Hi folks, just wondering if Dagster is able to sol...
# dagster-feedback
y
Hi folks, just wondering if Dagster is able to solve such problems (I didn’t find answers in the official docs): 1. Is it possible to establish connection directly to on-premise Hive Metastore Server to monitor there my assets and based on this build it in into my Dagster pipeline a sensor which can listen to my assets there and hence, run my pipeline when needed. Eg. when partition for X dataset appeared OR X event happened on data in Hive metastore - execute Y. In airflow we have operators/sensor and so on. 2. How connection can be established to in-house Hive Metastore, HDFS (with Kerberos), Kafka (to listen to events) and so on? Airflow by it’s architecture has connection configuration and operators configuration related to one or another API for further execution. (should we write custom Ops for this to be able to connect and read metadata from HMS?). 3. Let’s say I have a Spark job written on Scala language (native for Spark, while dagster supports pyspark). How can I run it with Dagster? (e.g. put into docker image and run it in isolated way either in docker or Kubernetes?). Is this problem just solved within dagster-spark? Hence, before running the spark, we can configure any other steps in a pipeline like execution of a pipeline based on event-driven architecture (sensors) and pass some context information into `spark-submit`command as spark configuration. What I see, it’s gonna be just the same what we have in Airflow from the perspective of isolation. Is deployment and execution can be done in any environment/cloud where spark is configured? (AWS-EKS, GCP DataProc, on-premises?) 4. Any API for Cassandra, HBase and many other BigData storages? Or do we need just to use kind of Thrift as the unified tool to connect to ALL those storages, let’s say through Trino? How is this wide problem is solved here? 5. I don’t see many APIs comparing to what we have in Airflow based on my questions above (see api). Should we use integration with AIrflow to satisfy some needs (airflow has wide range of operators, plugins, sensors and so on)? 6. What is overall integration with on-premises Hadoop infra? Having these questions, I’d like to say that Dagster is mostly dictates you WHAT tools you can use based on it’s API support, hence, it can’t satisfy needs of toolings which already exist in tremendously complex infra. The overall concept is great for this scheduler based on assets management which is really awesome
s
1. Is it possible to establish connection directly to on-premise Hive Metastore Server to monitor there my assets and based on this build it in into my Dagster pipeline a sensor which can listen to my assets there and hence, run my pipeline when needed. Eg. when partition for X dataset appeared OR X event happened on data in Hive metastore - execute Y. In airflow we have operators/sensor and so on.
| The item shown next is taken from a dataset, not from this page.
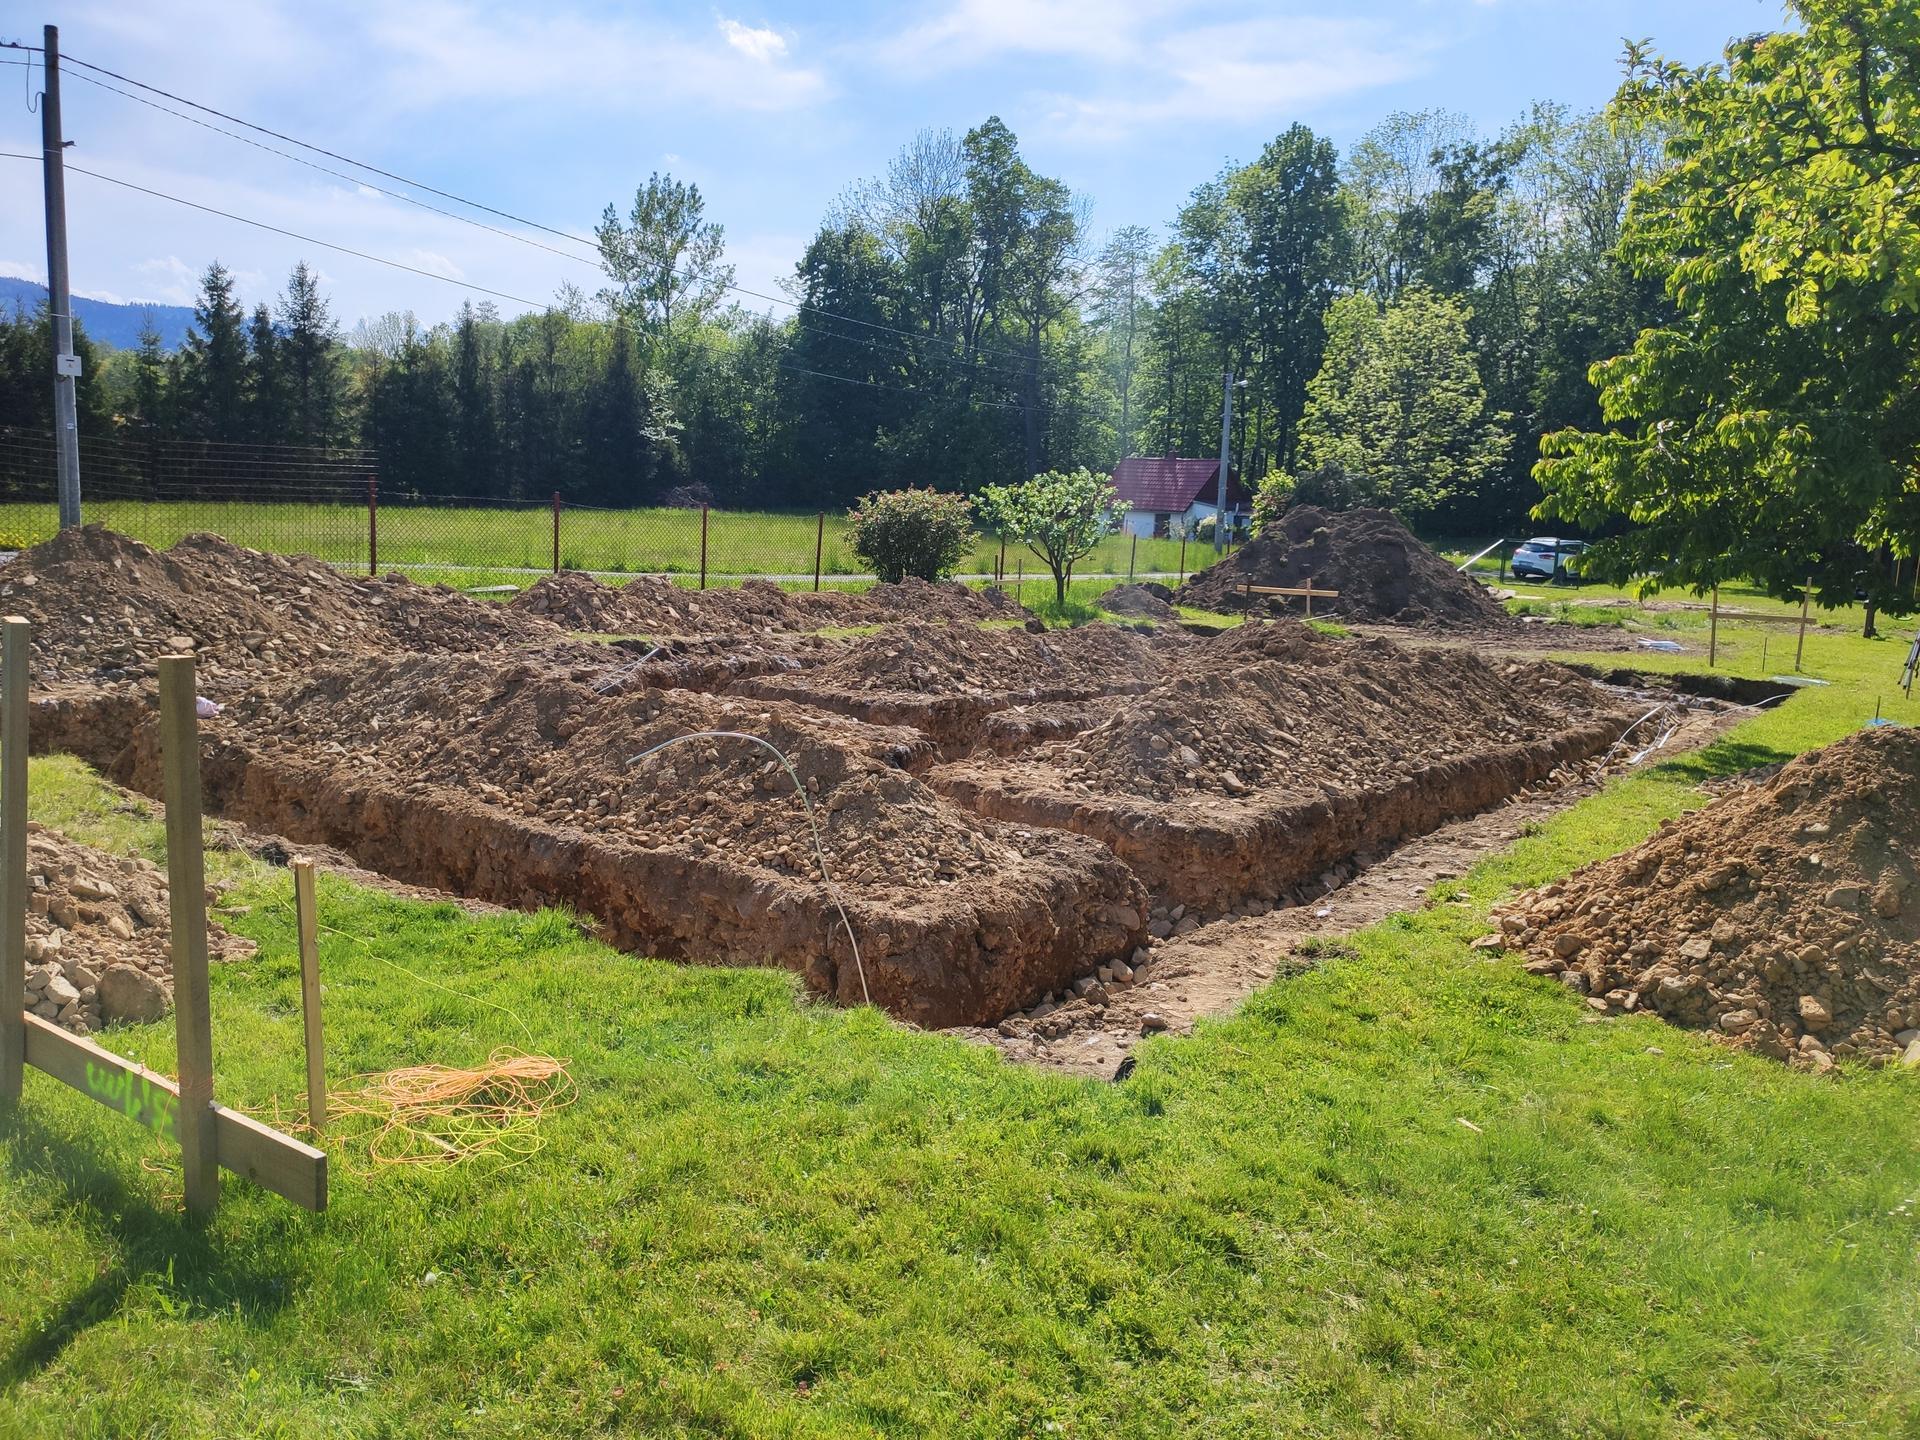 Začínáme si stavět náš dům 2020 - Obrázek č. 17

You can use Dagster sensors to trigger jobs based on any code you write.
How connection can be established to in-house Hive Metastore, HDFS (with Kerberos), Kafka (to listen to events) and so on? Airflow by it’s architecture has connection configuration and operators configuration related to one or another API for further execution. (should we write custom Ops for this to be able to connect and read metadata from HMS?).
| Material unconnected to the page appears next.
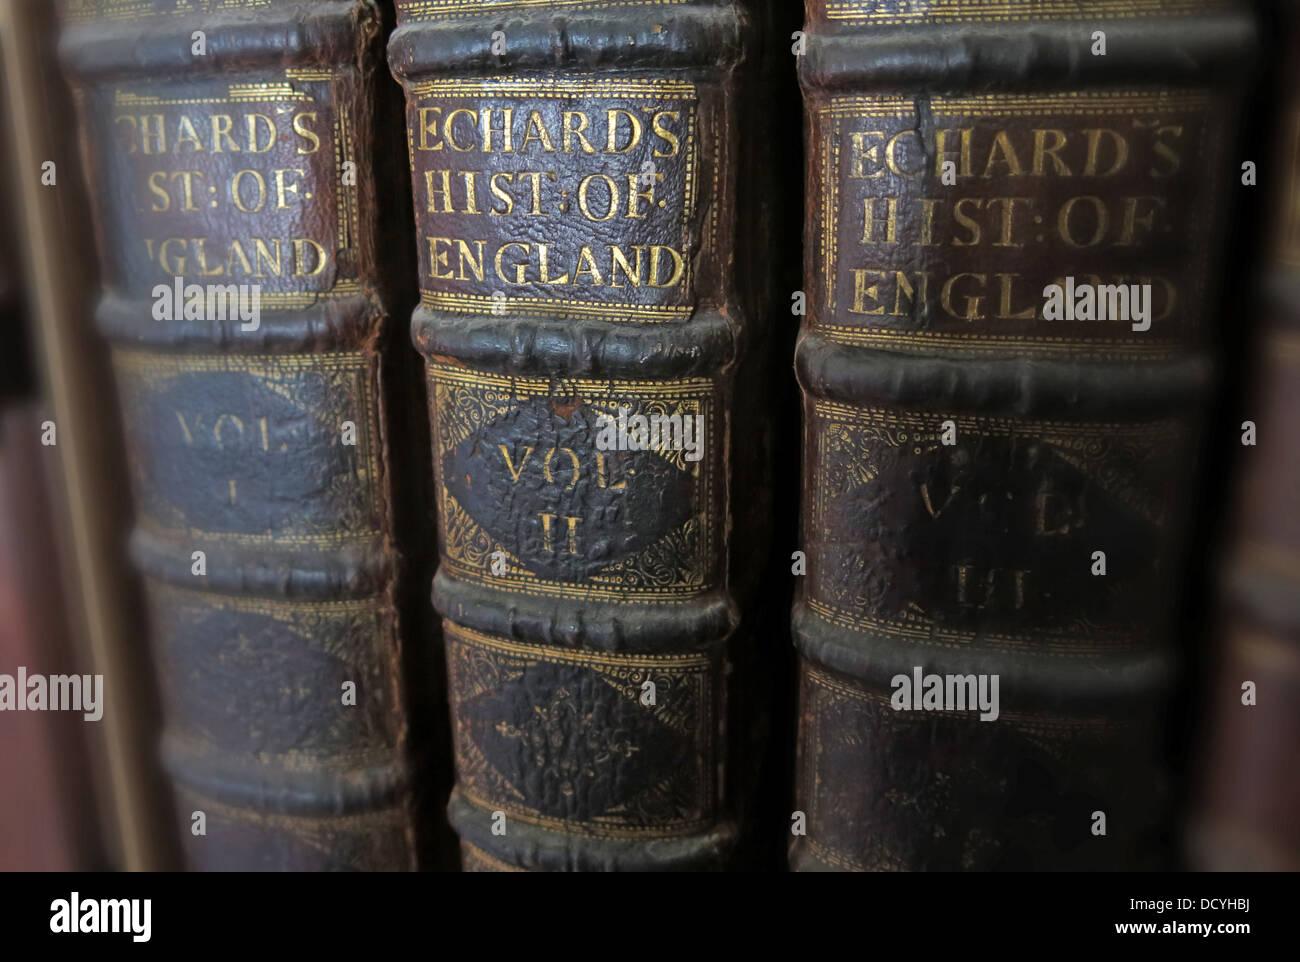 Laden Sie dieses Alamy Stockfoto Antike & alte Bücher, Echards Geschichte Englands, Vol 1, VolII, VolIII, - DCYHBJ

Dagster doesn't have built-in a builtin Hive Metastore integration. However, my understanding is that the Airflow connector is just a thin Python wrapper around the HMS client. You could invoke it directly: https://pypi.org/project/hive-metastore-client/. Or even invoke the HMS Airflow connector from your Dagster code.
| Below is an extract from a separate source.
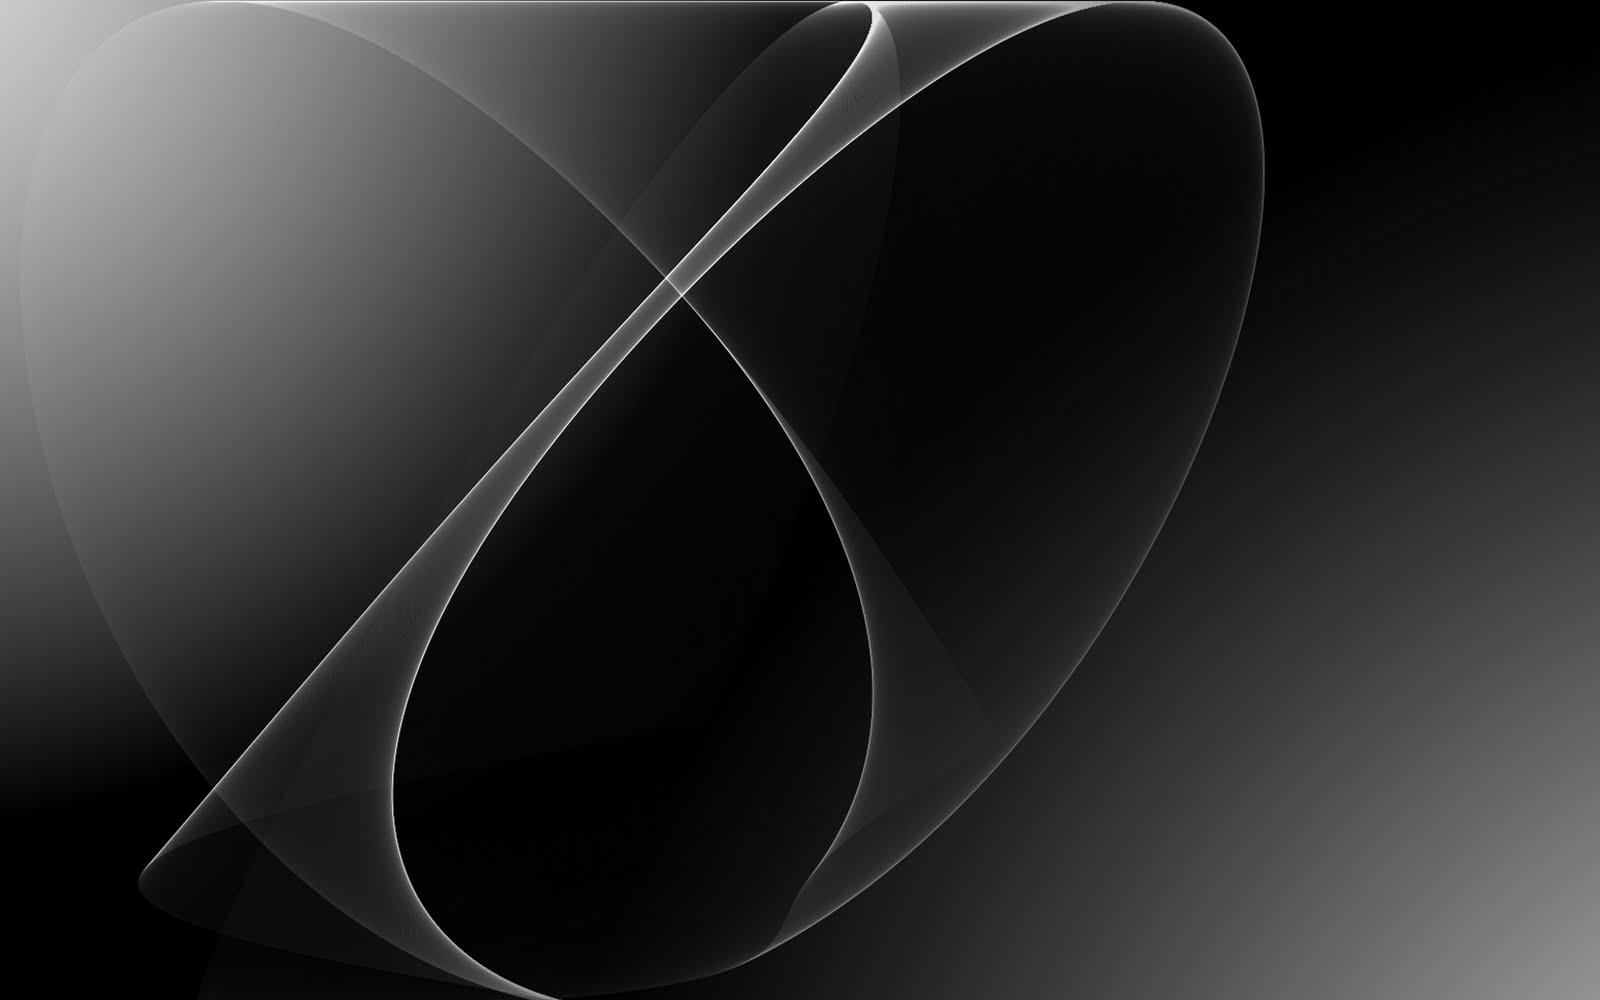 http://2.bp.blogspot.com/-0BgZf7NllqQ/TihC5h5yiNI/AAAAAAAALpI/hdP2-vxV_wQ/s1600/Leuke-zwart-wit-achtergronden-mooie-hd-zwart-wit-wallpapers-33.jpg

Any API for Cassandra, HBase and many other BigData storages?
What would you want these APIs to do? https://docs.dagster.io/_apidocs/libraries/dagster-airflow#dagster_airflow.airflow_operator_to_op
keanu thanks 1
Having these questions, I’d like to say that Dagster is mostly dictates you WHAT tools you can use based on it’s API support
I would push against this. Most Airflow ops and connectors are very thin wrappers around existing functionality of the technologies they wrap. In most cases, you can just use the APIs of those technologies directly. My personal experience was Airflow was that using the Airflow wrappers added more trouble than it was worth, because it's easy for them to miss new parameters when the underlying libraries advance, etc.